* [YOUR ASSIGNMENT] Each line in the data must be reproduced as written, except for any picture.

* [COLLECTED DATA]
▼▼▼

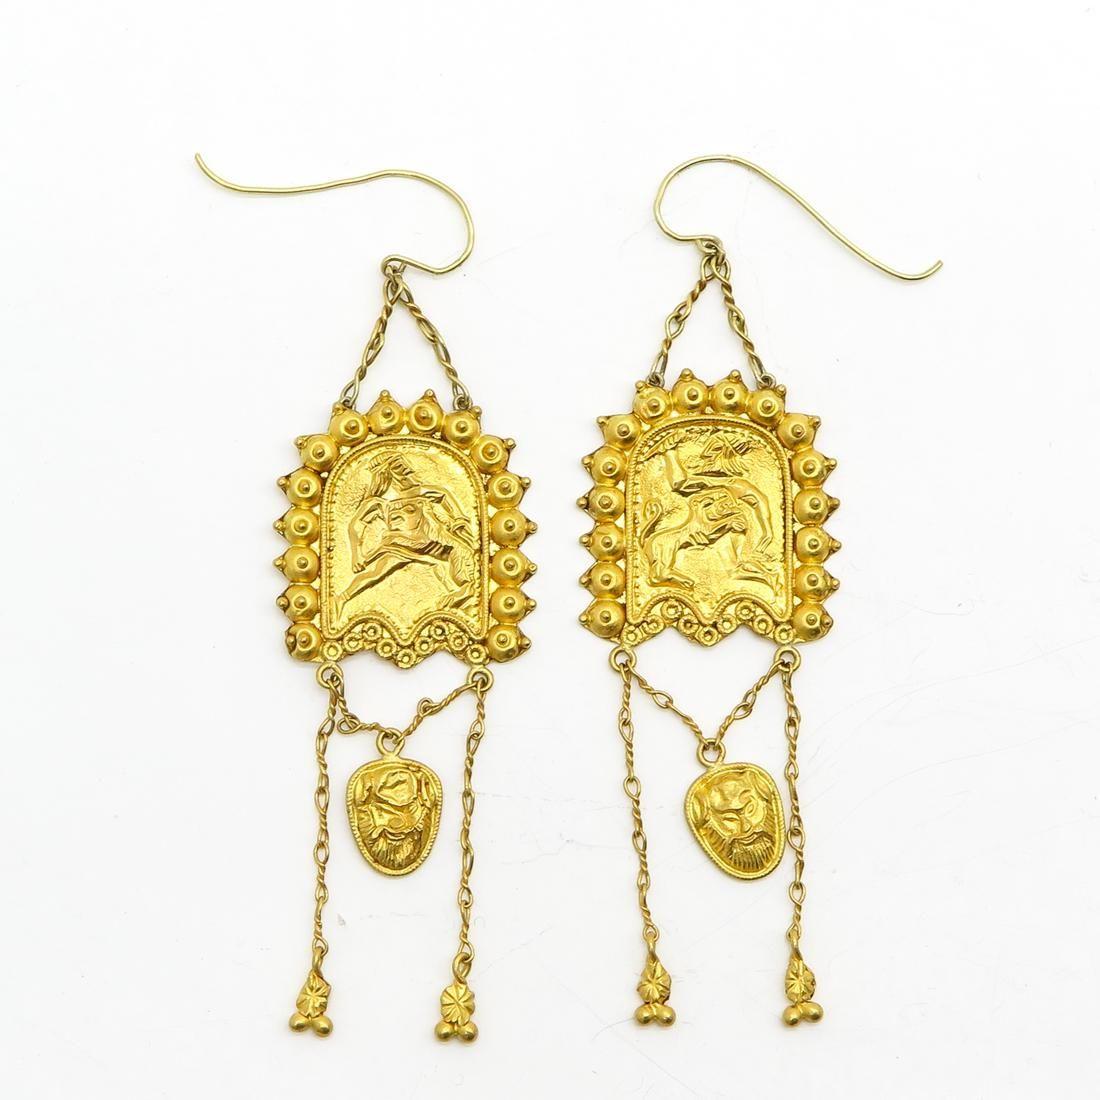 A Beautiful Pair of 18KG Etruscan Earrings
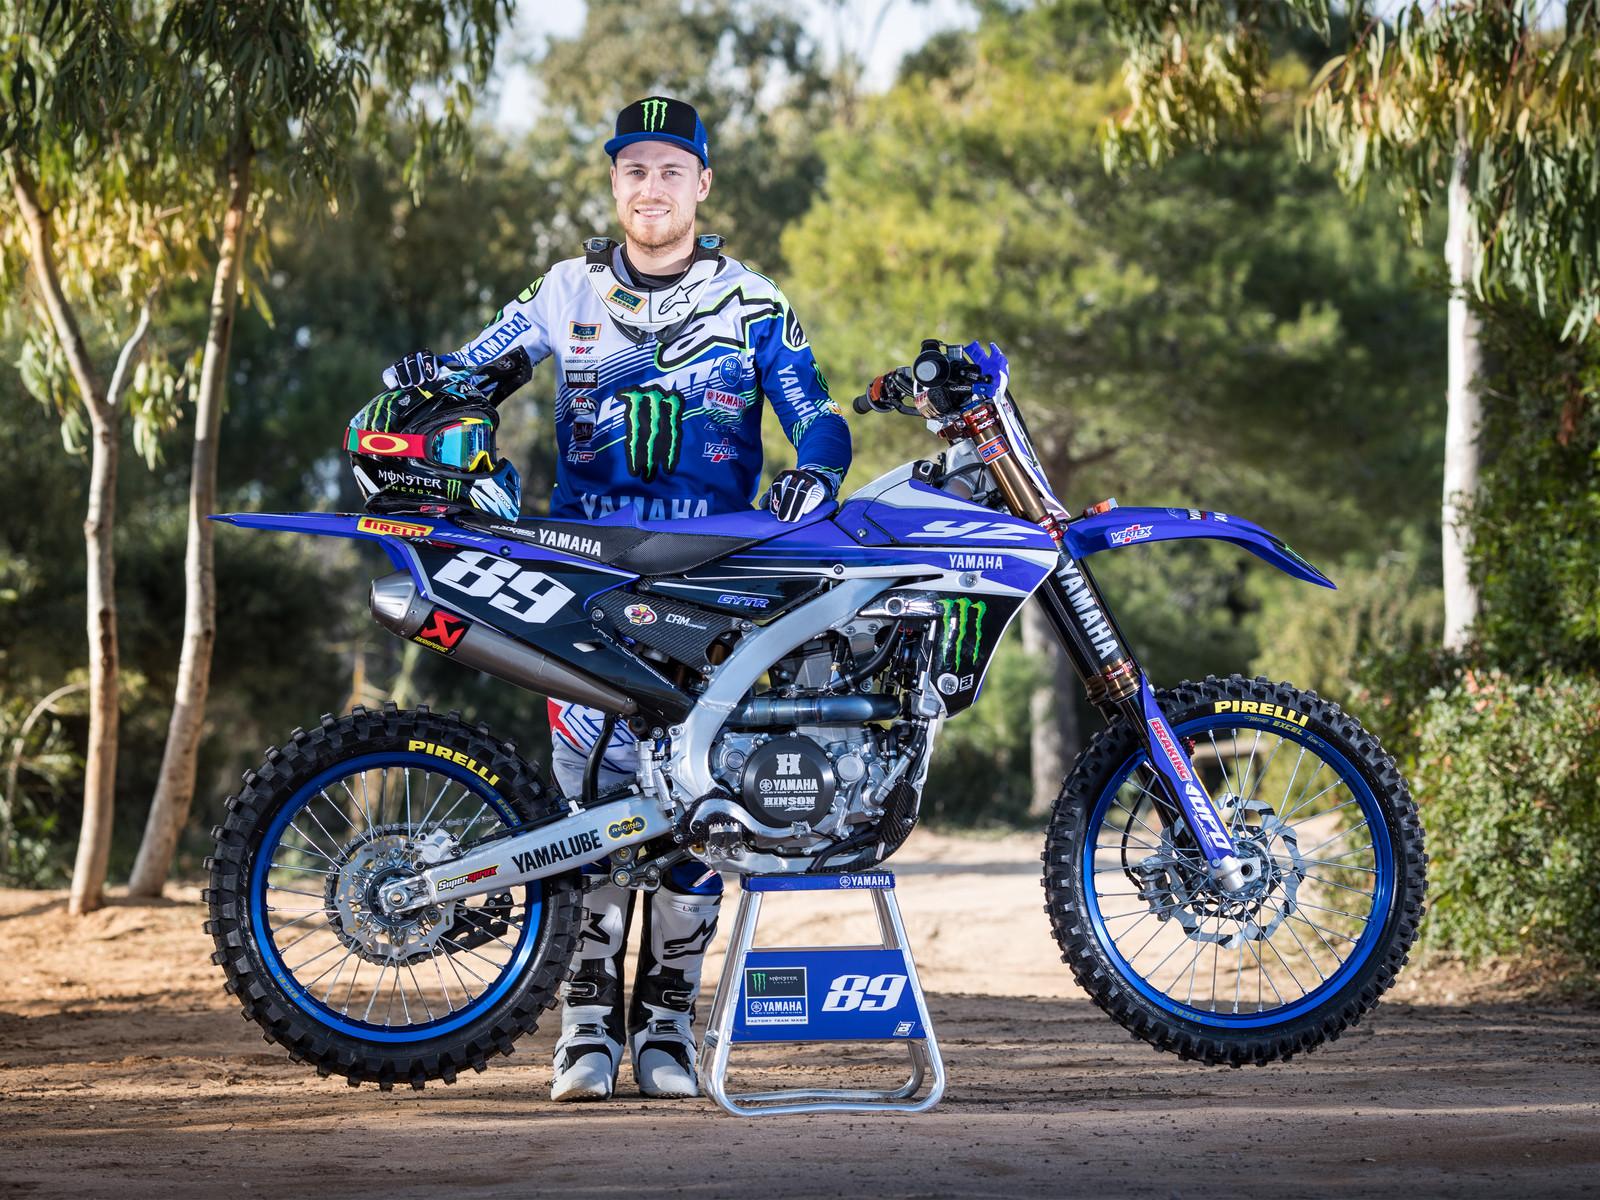 Jeremy van Horebeek and his 2017 Monster Energy Yamaha Factory YZ450FM - First Look: 2017 Monster Energy & Wilvo Yamaha MXGP Teams - Motocross Pictures - Vital MX
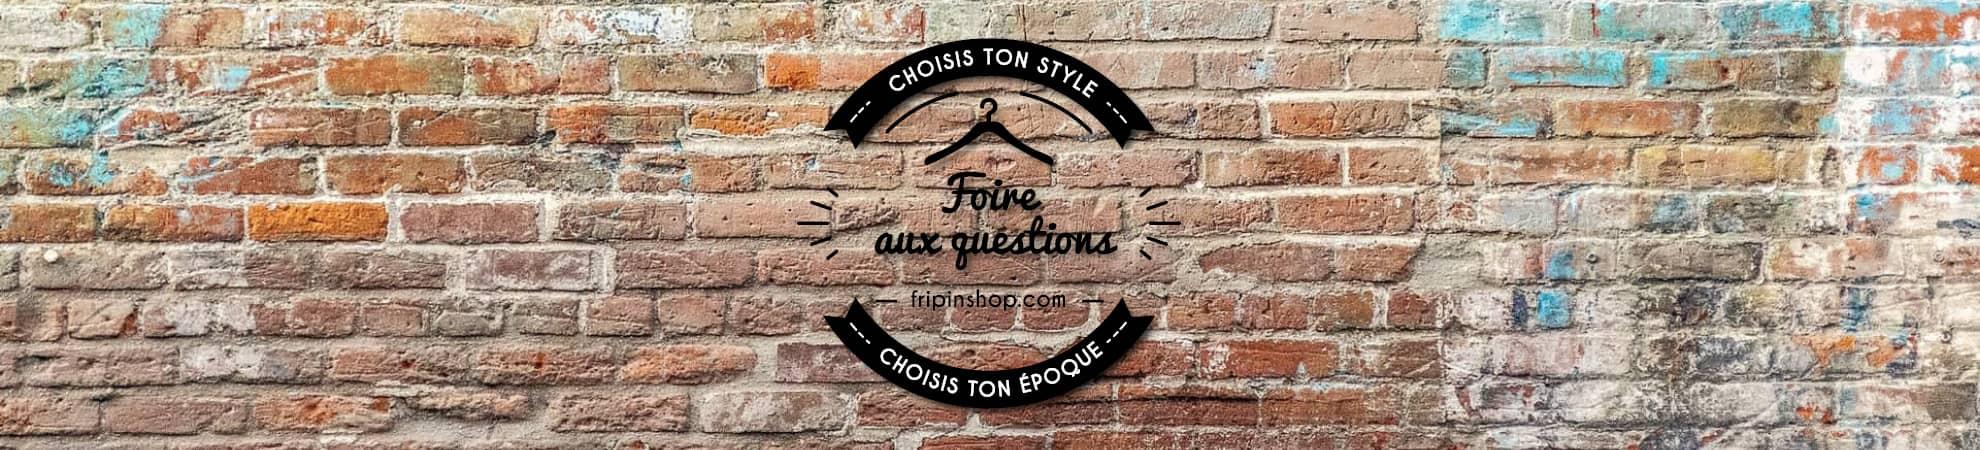 header-frip-in-shop-foire-aux-questions-faqs

▲▲▲

* [FINISHED EXERCISE]
 A Beautiful Pair of 18KG Etruscan Earrings
 Jeremy van Horebeek and his 2017 Monster Energy Yamaha Factory YZ450FM - First Look: 2017 Monster Energy & Wilvo Yamaha MXGP Teams - Motocross Pictures - Vital MX
 header-frip-in-shop-foire-aux-questions-faqs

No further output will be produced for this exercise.